O forum Media conforme podem ver na descrição que aparece ao lado do forum diz o seguinte:

*«Tudo sobre Meteorologia e Climatologia nos Meios de Comunicação Social, Blogs e Internet e que não se enquadre num Tópico de Seguimento regular ou Subforum Nacional ou Internacional»
*

Ou seja, se por exemplo eu tiver uma notícia sobre umas inundações na Croácia, visto que existe o seguimento da Europa no forum "Europa", essa notícia deve ir para lá e não para o "Media". 

Se for por exemplo uma notícia sobre o Tornado ontem em França, o critério seria o mesmo, no entanto se se tratar de algo importante que mereça só por si um tópico, a regra é criar um tópico dedicado em vez de usar o tópico genérico de seguimento europeu. O critério é bastante fácil de decidir, se acham que é uma notícia ou artigo que pelo seu interesse vai gerar várias mensagens e discussão, cria-se um tópico dedicado em vez do genérico.  Se tiverem dúvidas quanto ao interesse, coloquem no genérico e um moderador move para um dedicado.

Se for por exemplo uma notícia do IM a dizer que Maio foi mais frio que a média, essa notícia deve ir para o tópico de monitoramento do clima de Portugal no Forum Climatologia.

O "Media" serve assim apenas para algo que não se enquadre muito bem no que existe pré-definido, quer subforuns, quer tópicos de seguimento.

Organizar a informação é extremamente importante para no futuro mais facilmente encontrarmos o que queremos e é assim de evitar termos que ser nós moderadores a ter que andar a mover coisas de local. 

Para quem é novo no forum sugiro que naveguem um pouco pela estrutura do forum e se familiarizem com o tipo de foruns e tópicos de seguimento que existem.

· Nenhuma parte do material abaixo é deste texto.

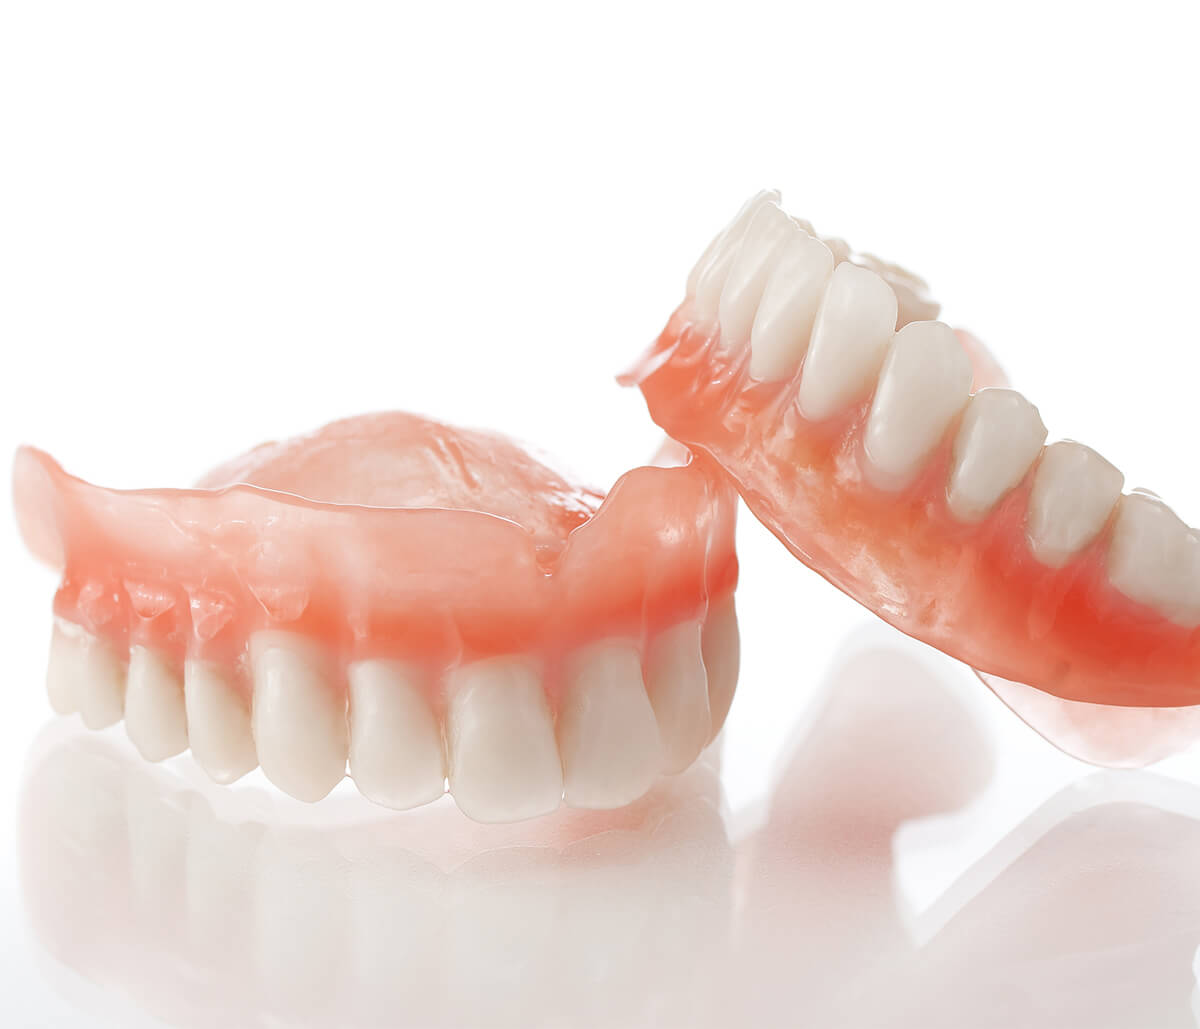 How Much Do Dentures Cost in Houston TX Area

Alguma dúvida perguntem aqui neste tópico ou enviem MP para os moderadores ou admin's.

Obrigado.


----------



## *Dave* (5 Ago 2008 às 20:31)

Vince disse:


> Olá,
> 
> Tenho reparado que por vezes não se colocam artigos no local mais apropriado, especialmente no forum "Media".
> 
> ...





Ups já me devo ter enganado umas 10 vezes   .

A partir de agora vou ter mais atenção...


Abraço


----------